RF.net: Otherwise you can get stuck in a rut just being a local support band, with British people not expecting you to make any waves further afield.

MMD: That’s it, you have to be wise and I've learned a lot from guys like Maurizio of Kataklysm. Learning what to do, sometimes you've gotta say no to people even if they're paying good money in order to build up hype.

RF.net: There's something to be said about bands that play every gig isn't there?

MMD: Yep, and we're not going to be one of those bands like Annotations of an Autopsy or Trigger the Bloodshed who are playing all the time, even though it's been good for them obviously.

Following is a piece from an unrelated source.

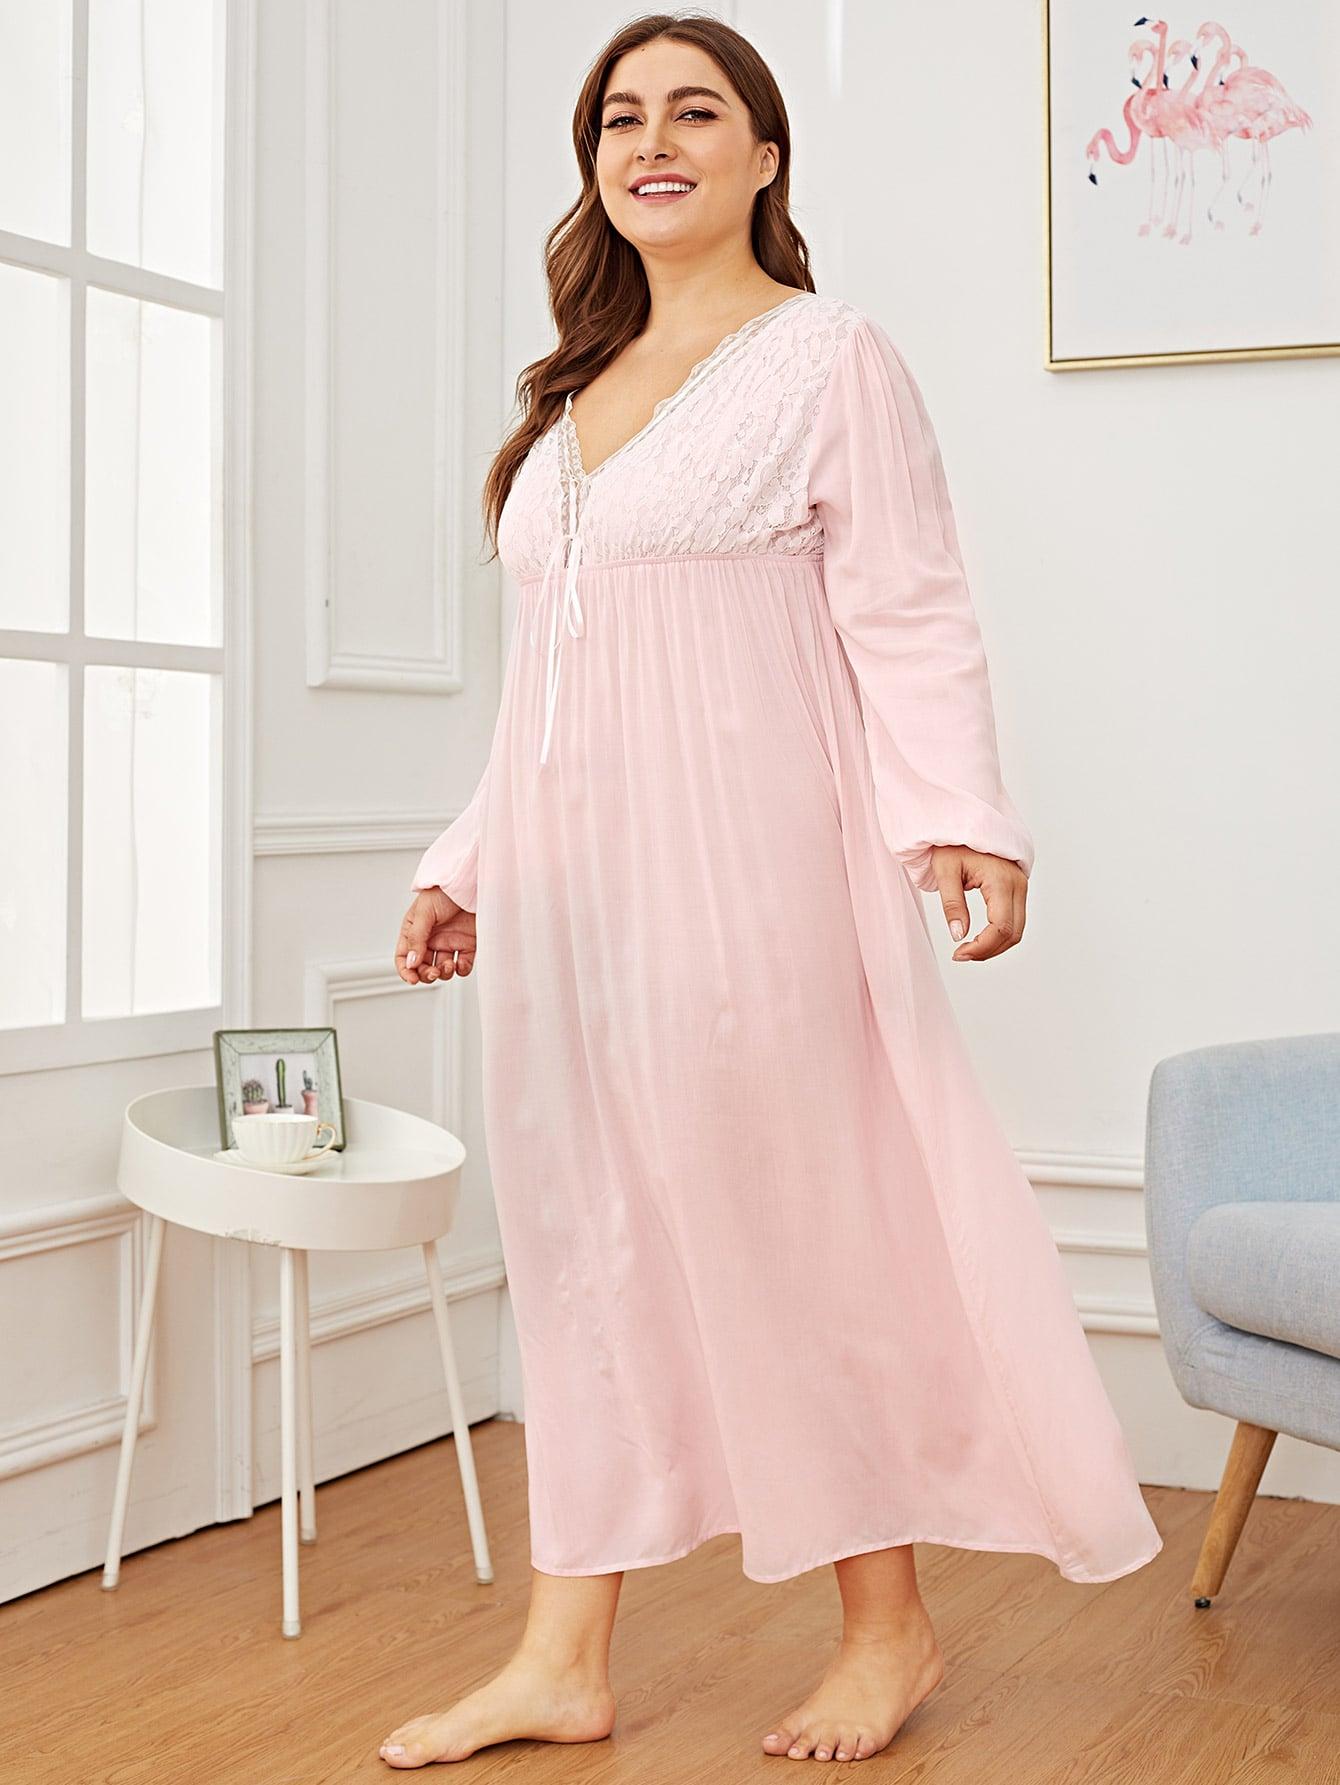 Купить Размера плюс ночная сорочка с бантом и контрастными кружевами, Franziska, SheIn

RF.net: Has there been any development made on the follow-up to "No Tolerance..." yet?
MMD: We've got a lot of stuff sitting there in bits n' pieces but nothing yet in full songs, hopefully we'll begin putting it together after the Machine Head tour. Of course we must try and top "No Tolerance", make that our ambition moving forward.

RF.net: You should be learning a bit from the amount of touring too, seeing what works live and what doesn't.

MMD: Yeh that’s been a big help. Even guys in bigger bands are always learning, just look at Decapitated and they're new drummer who looks after himself, doesn't drink, doesn't eat anything stupid and is in his bed every night!

RF.net: Any festivals plans this summer, as a fan or as a band?
MMD: No none as a fan actually, but we're playing Hammerfest which we've never done before, in Wales. Think we'll possibly be playing the London Deathfest though that's not definite yet and we're really trying to push on to get onto some other festivals abroad.

RF.net: Any last words or future updates to end the interview on?
MMD: This year's gonna be big for us definitely as there's going to be some things happening in the next few months which will hopefully move us up that level. Thats all we can do. We'll do what we do which is write extreme music and write it as real as we can, giving 100% for those who've come to see you and trying to impress those who haven't.